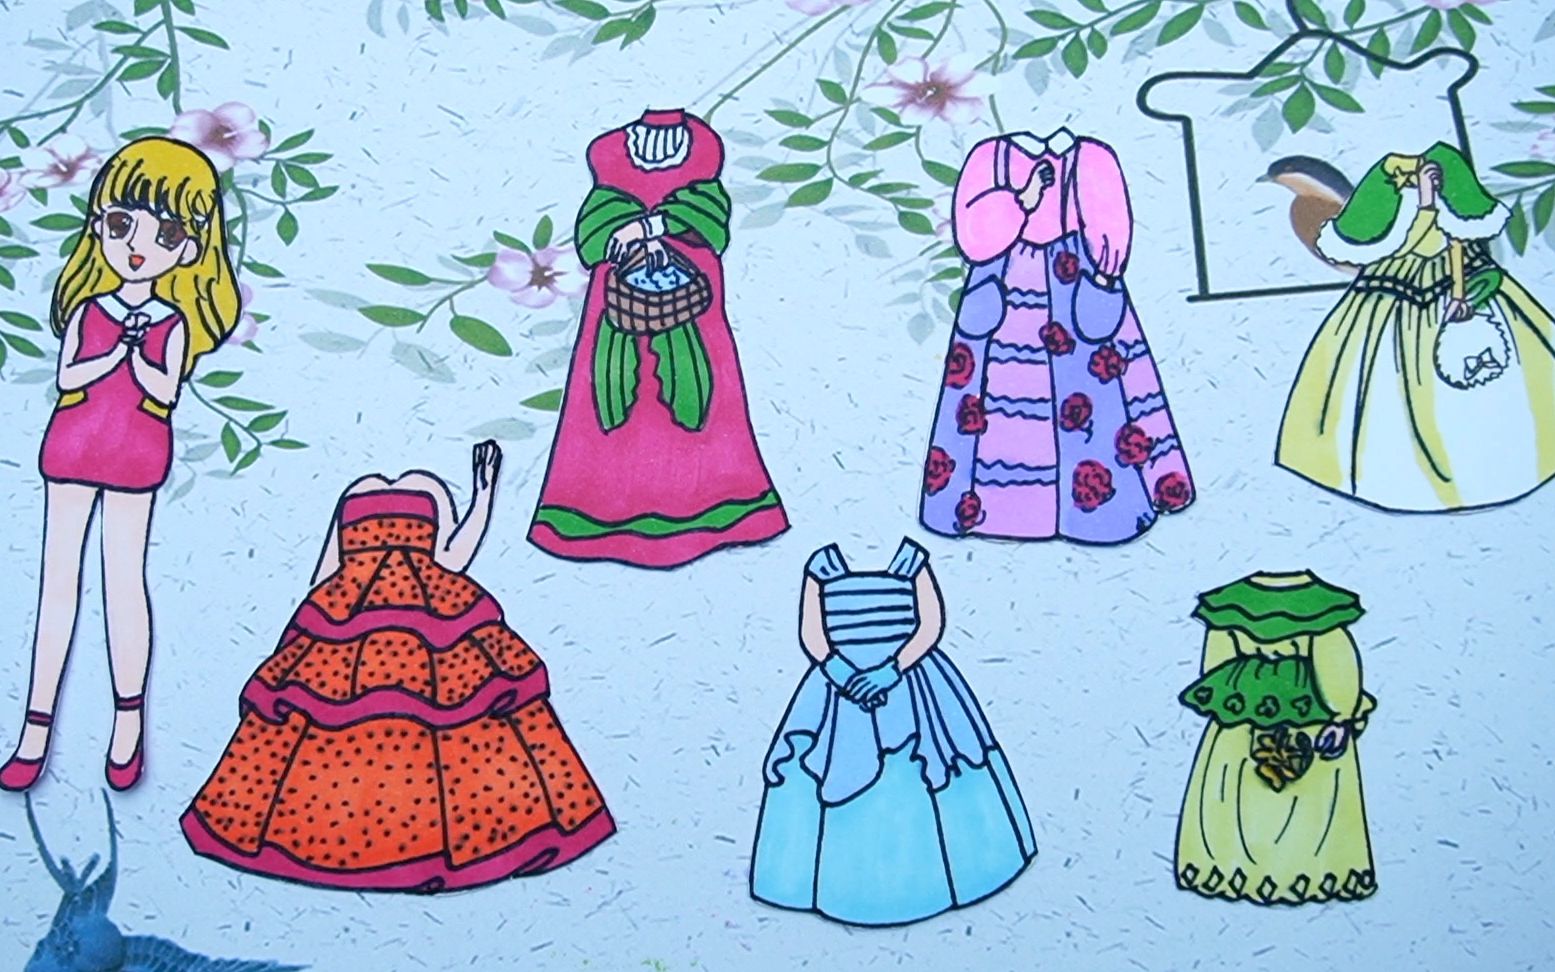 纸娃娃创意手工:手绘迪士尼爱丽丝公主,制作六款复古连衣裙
************
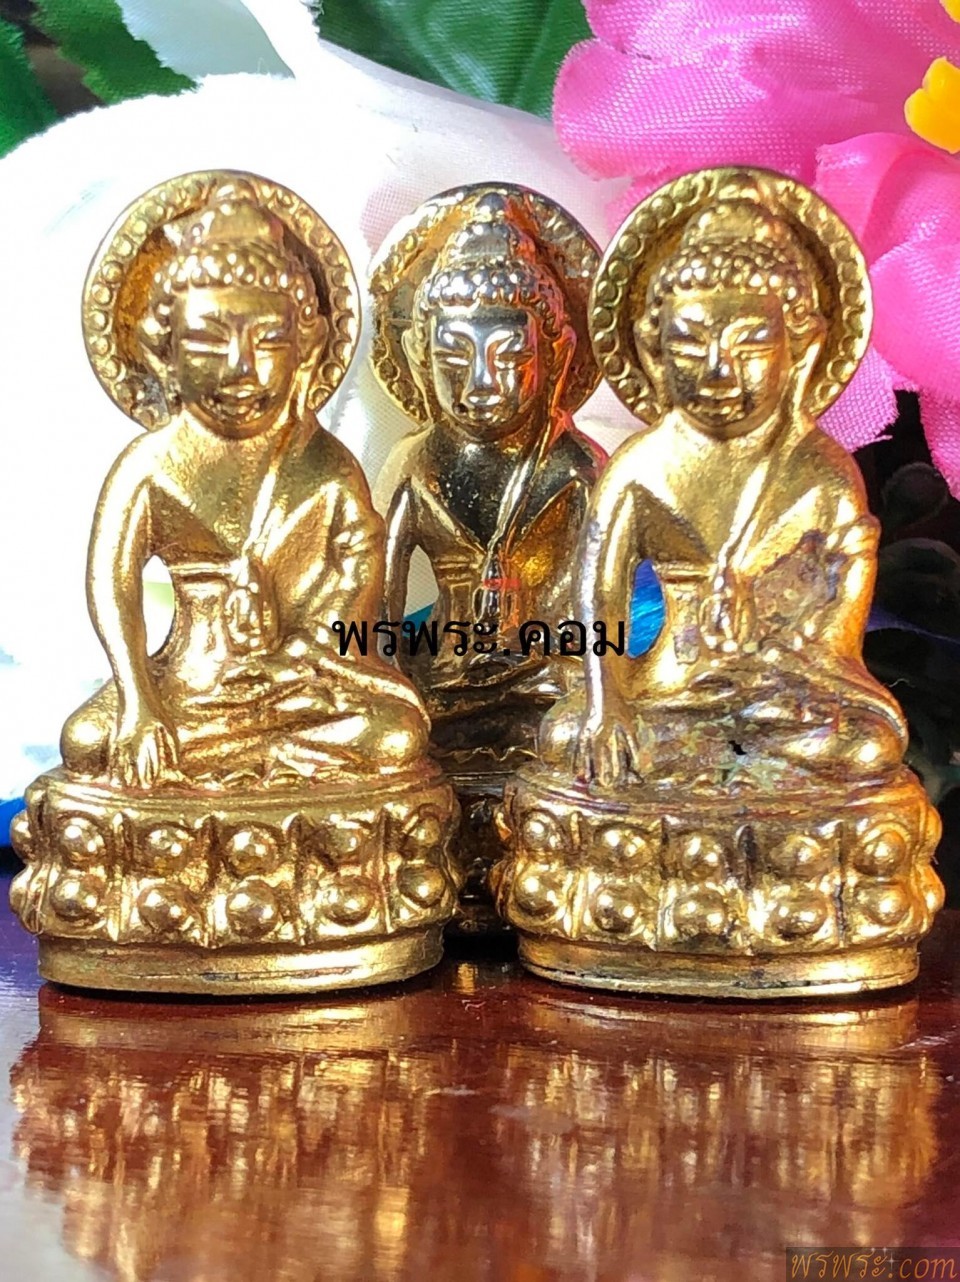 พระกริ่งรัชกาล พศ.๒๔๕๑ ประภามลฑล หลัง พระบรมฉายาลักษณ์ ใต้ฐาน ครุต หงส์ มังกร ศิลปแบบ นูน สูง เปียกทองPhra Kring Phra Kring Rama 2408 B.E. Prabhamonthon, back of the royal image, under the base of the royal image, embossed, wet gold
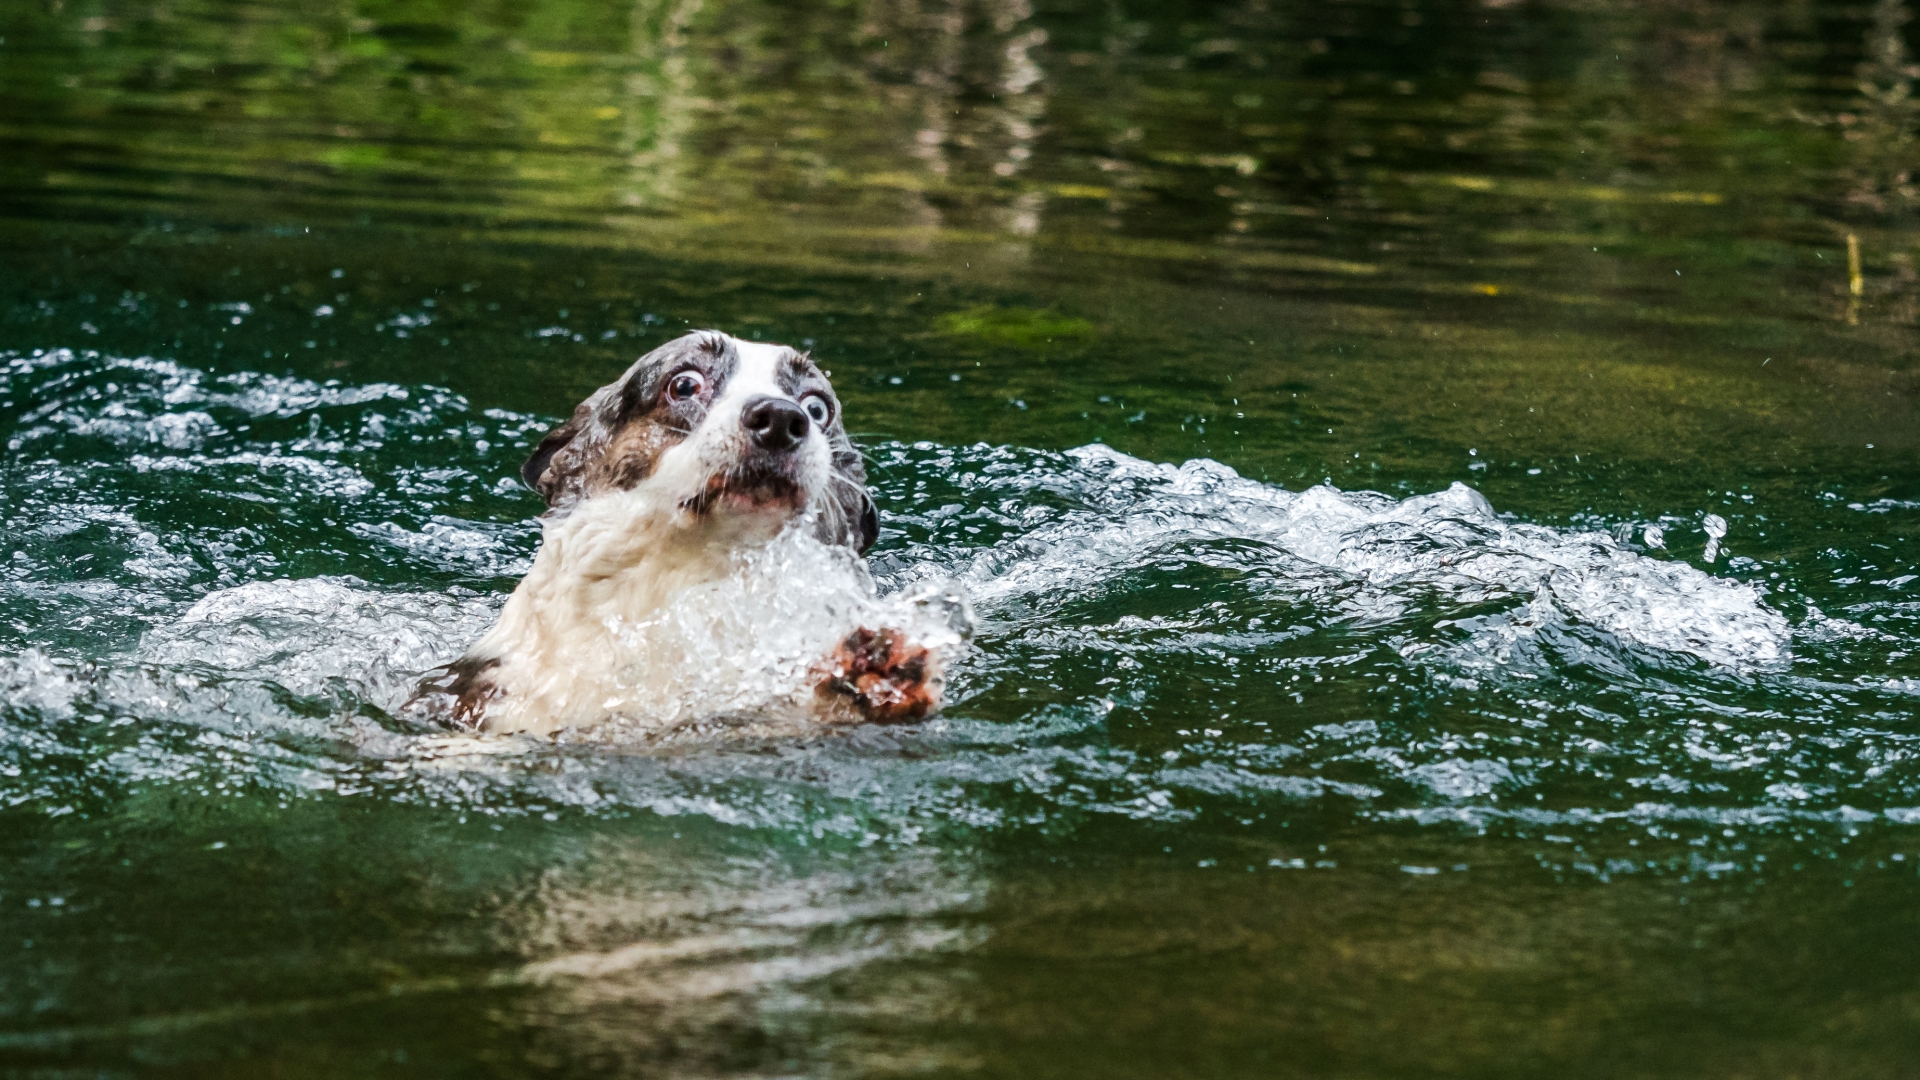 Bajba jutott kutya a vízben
************
**TRY IT**
Working from the records above, set down word for word everything from the line containing "พระกริ่งรัชกาล พศ.๒๔๕๑ ประภามลฑล" down to the line containing "Bajba jutott kutya a vízben", ends included, minus the pictures.

**ANSWER BOX**
 พระกริ่งรัชกาล พศ.๒๔๕๑ ประภามลฑล หลัง พระบรมฉายาลักษณ์ ใต้ฐาน ครุต หงส์ มังกร ศิลปแบบ นูน สูง เปียกทองPhra Kring Phra Kring Rama 2408 B.E. Prabhamonthon, back of the royal image, under the base of the royal image, embossed, wet gold
 Bajba jutott kutya a vízben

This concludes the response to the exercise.